People who don't read romance novels have been heard to say that the entire genre revolves around a handful of cliches.  The powerful Type A male and the woman who tames him, the experienced rake and the beautiful virgin, the kidnappings, the marriages of convenience, the secret babies...etc.

I say, not true!  Yes, these aspects still appear in many novels but they are not cliches any more than the suggestion than a novel about star-crossed lovers would necessarily be a re-working of Romeo and Juliet.  These are patterns and patterns persist because of their universality.  If, as some literary experts have it, there are only thirty-odd plots in literature and Shakespeare has done them all (and well too) then why is anyone bothering to write anymore?

Well, simply, because it hasn't all been done yet.  Every new novel has the potential to add a twist on the old thirty-odd plots.

Patterns are good.  They give readers a foundation of the familiar from which the writer can jump off with their own take or twist.  Done right, a pattern does not have to become a tired cliche.

Romance fiction itself relies on certain rules.  For one, the romantic element of the story takes precedence over all other aspects of the plot.  There is a difference between a mystery with a romantic subplot and a romance with a mysterious subplot.  Read any Agatha Christie mystery and you will almost invariably find a romance brewing between two of the characters but the mystery is always predominant.  While the romantic subplot may throw a twist into the works, the real purpose of the story is to find out whodunnit and why.  The romance adds a vital flavour to the mystery.  Similarly, the addition of a crime and the process of figuring out who committed it, in addition to adding danger into the lives of the main characters, can drive much of a romance novel.  However, the end purpose is to use the crime to bring the two characters together; the solution to the crime itself is incidental.

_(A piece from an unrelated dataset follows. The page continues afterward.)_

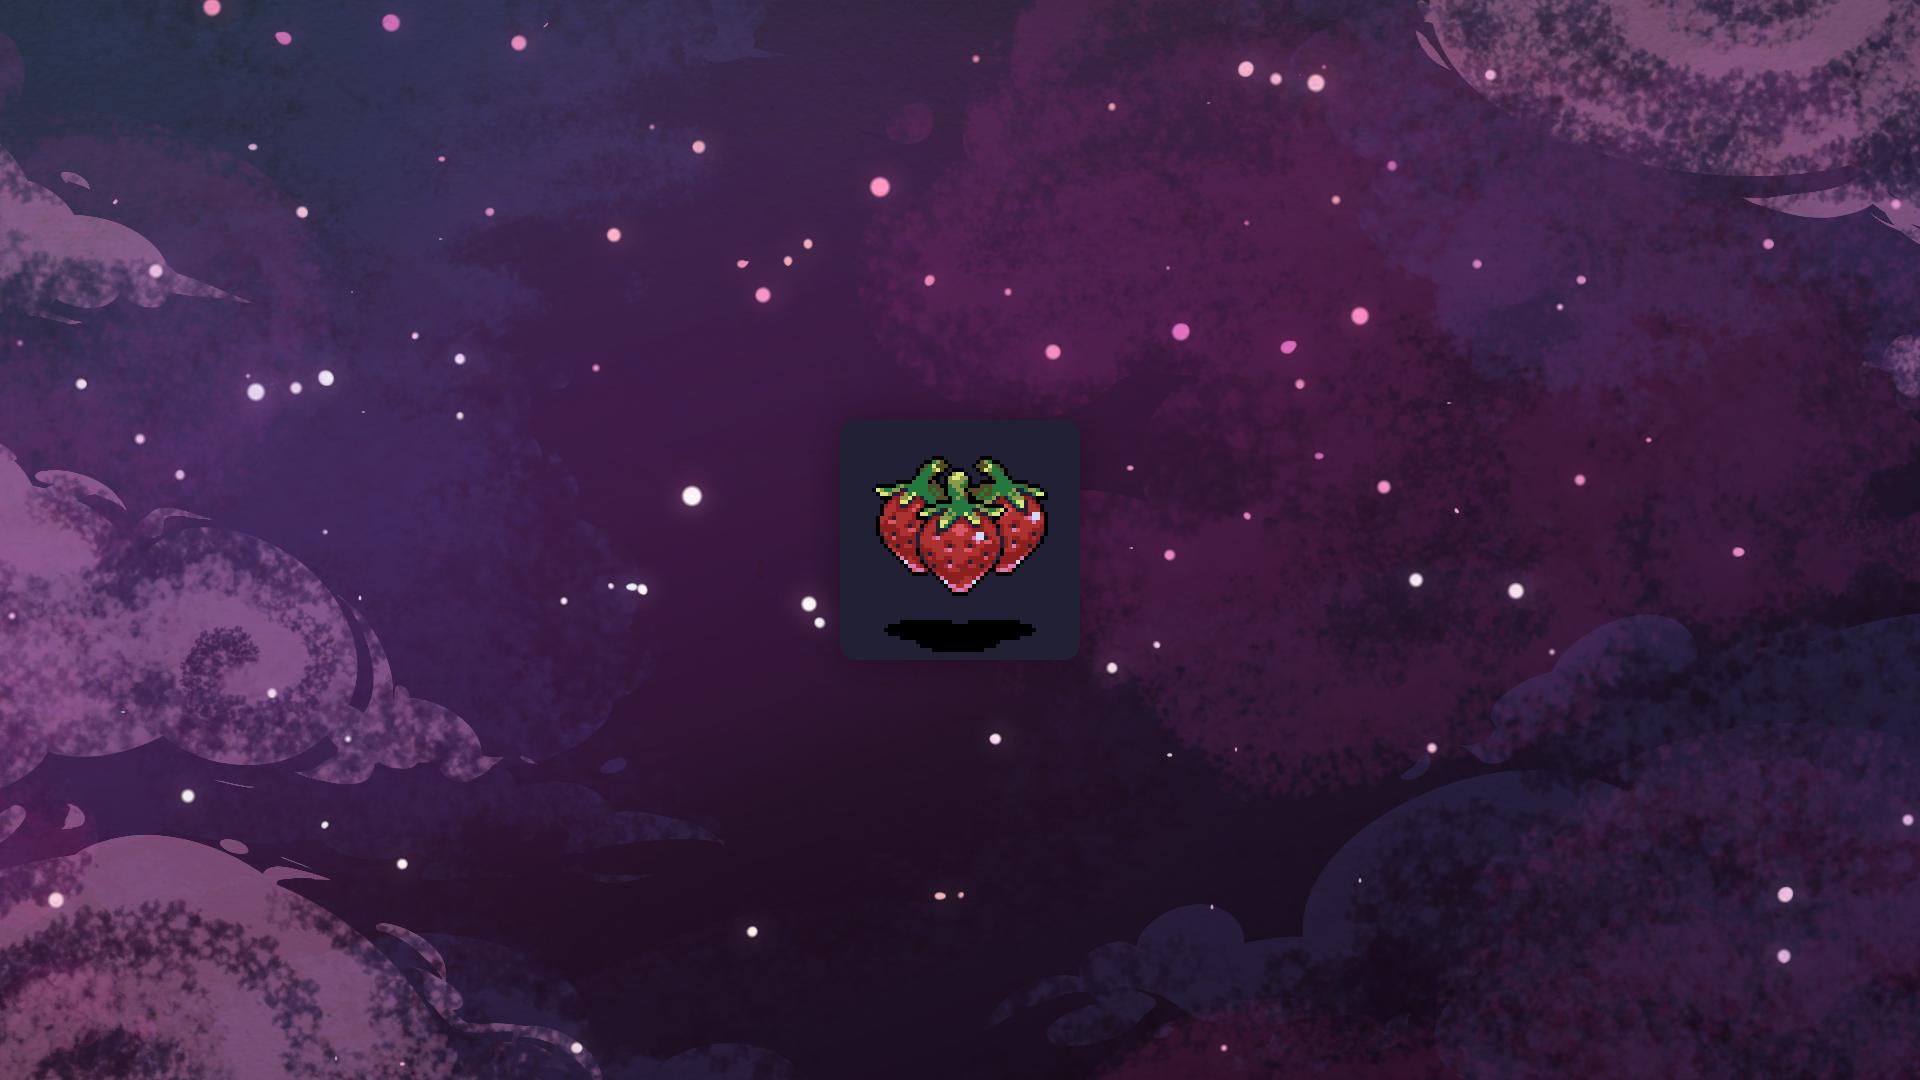 Strawberry Medal

Another frequent romance pattern is the Happily Ever After (or HEA) ending.  While not all romance publishers or specific lines demand it, most still do.  In other words, the two main characters should end up together (often on the verge of marriage) when the last page in the book has been turned over.  They've worked out the differences that kept them apart throughout the book, have overcome many obstacles large and small, and have realized their love for each other.  They belong together and their coming together at the end of the book leaves us with a feeling of rightness.  All is warm and fuzzy in the world.

I have to admit that I enjoy the tried-and-true patterns.  I've even produced manuscripts using many of the patterns I noted above.  Hey, if it ain't broke...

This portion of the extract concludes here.